Collected data =>
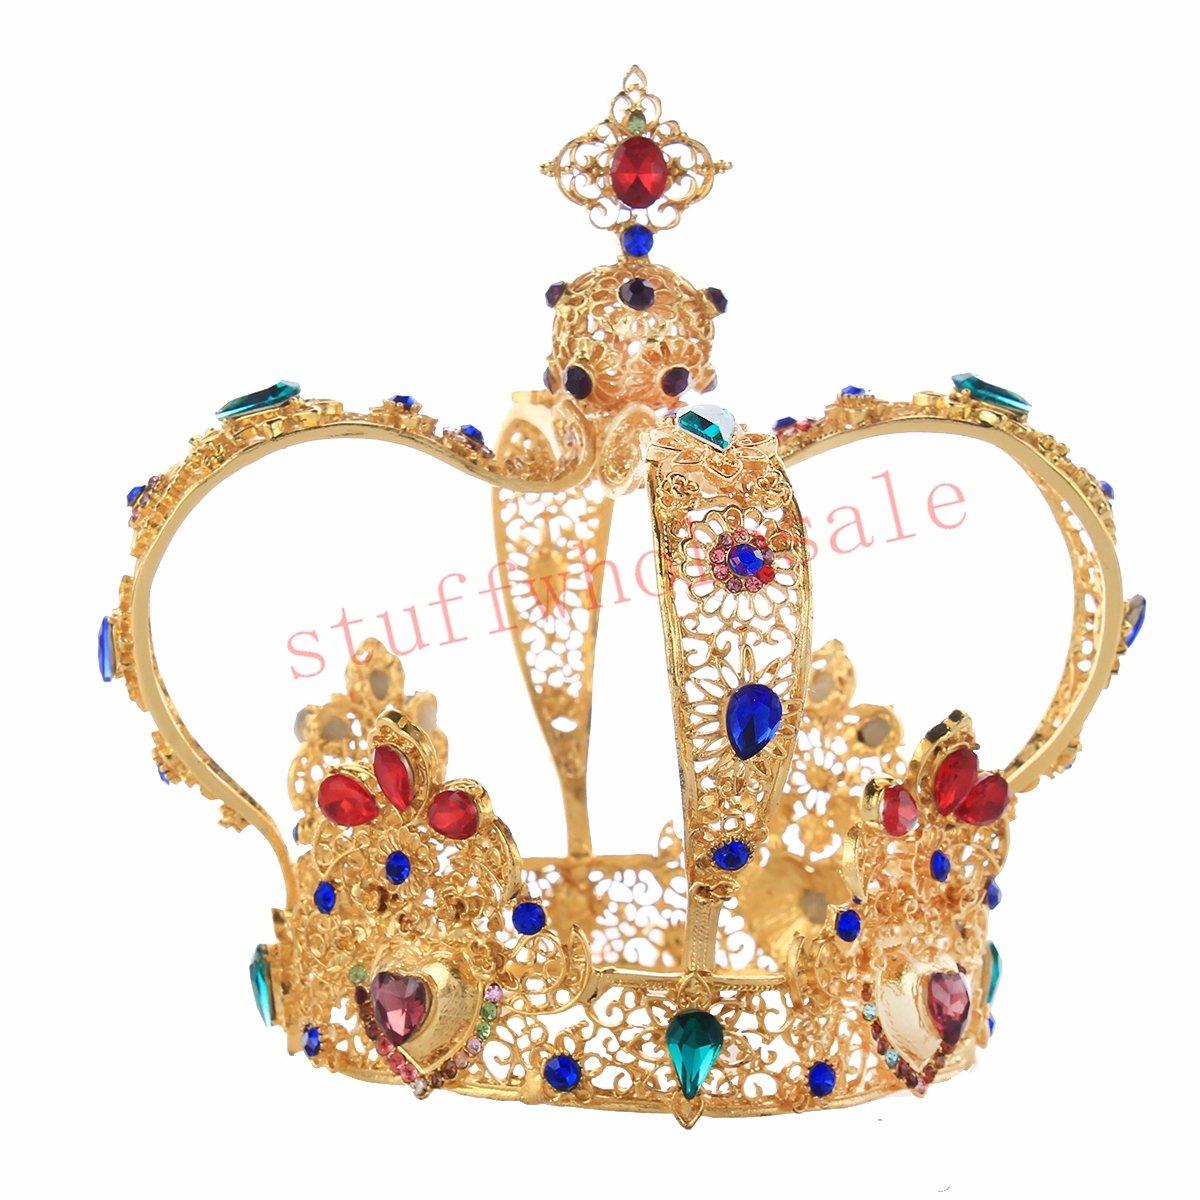 Stuffwholesale 5.5inch Gold Queen Tiara Mini Bun Tiara Wedding Party Crown
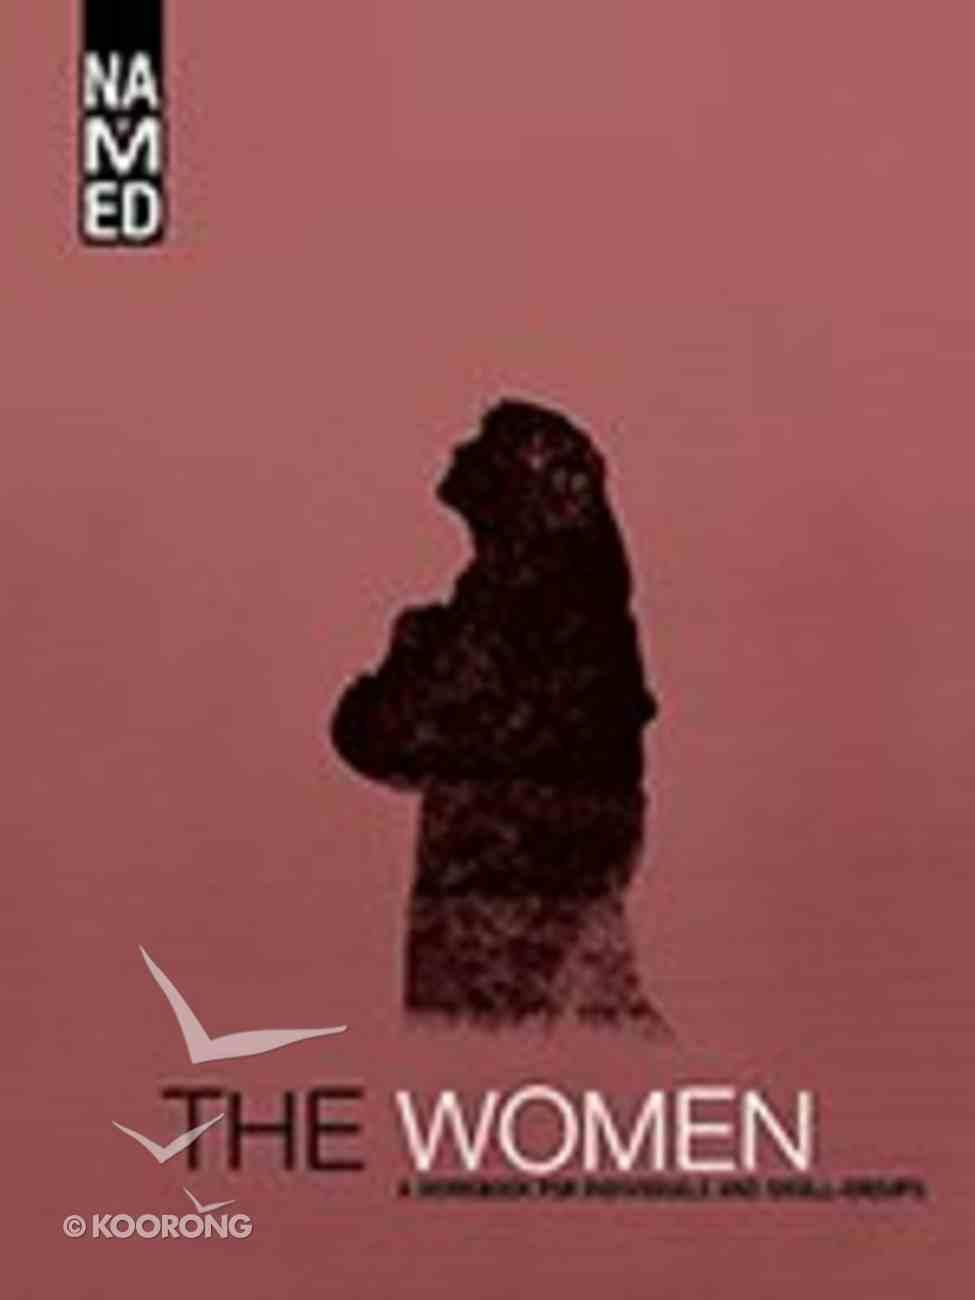 The Women (Workbook) (Named Series) Paperback
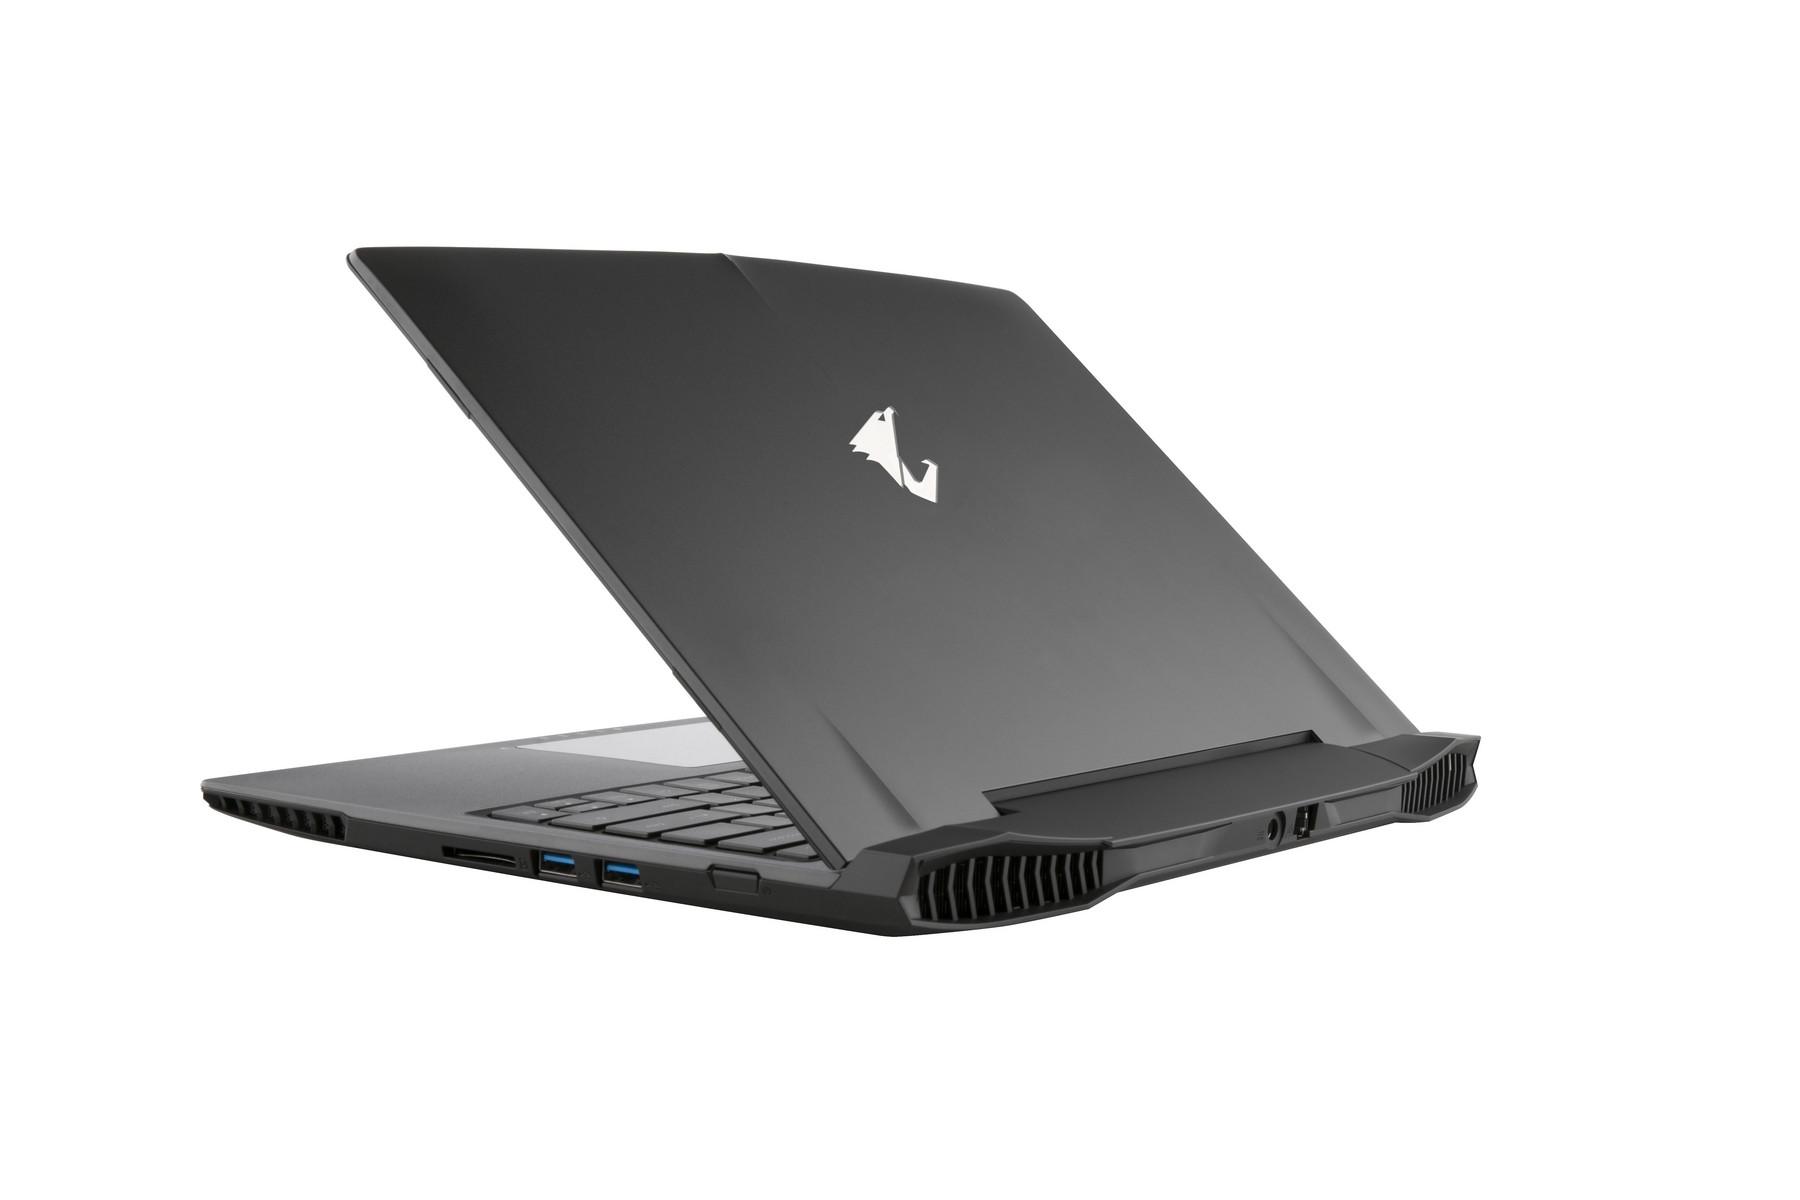 Gigabyte Aorus X3 Plus v3 Intel WLAN Driver for Mac Download

Exercise requirements =>
Each line from the one containing "The Women (Workbook)" through the last line of the listing is to be given again exactly, with no pictures and no other lines.

Your solution =>
 The Women (Workbook) (Named Series) Paperback
 Gigabyte Aorus X3 Plus v3 Intel WLAN Driver for Mac Download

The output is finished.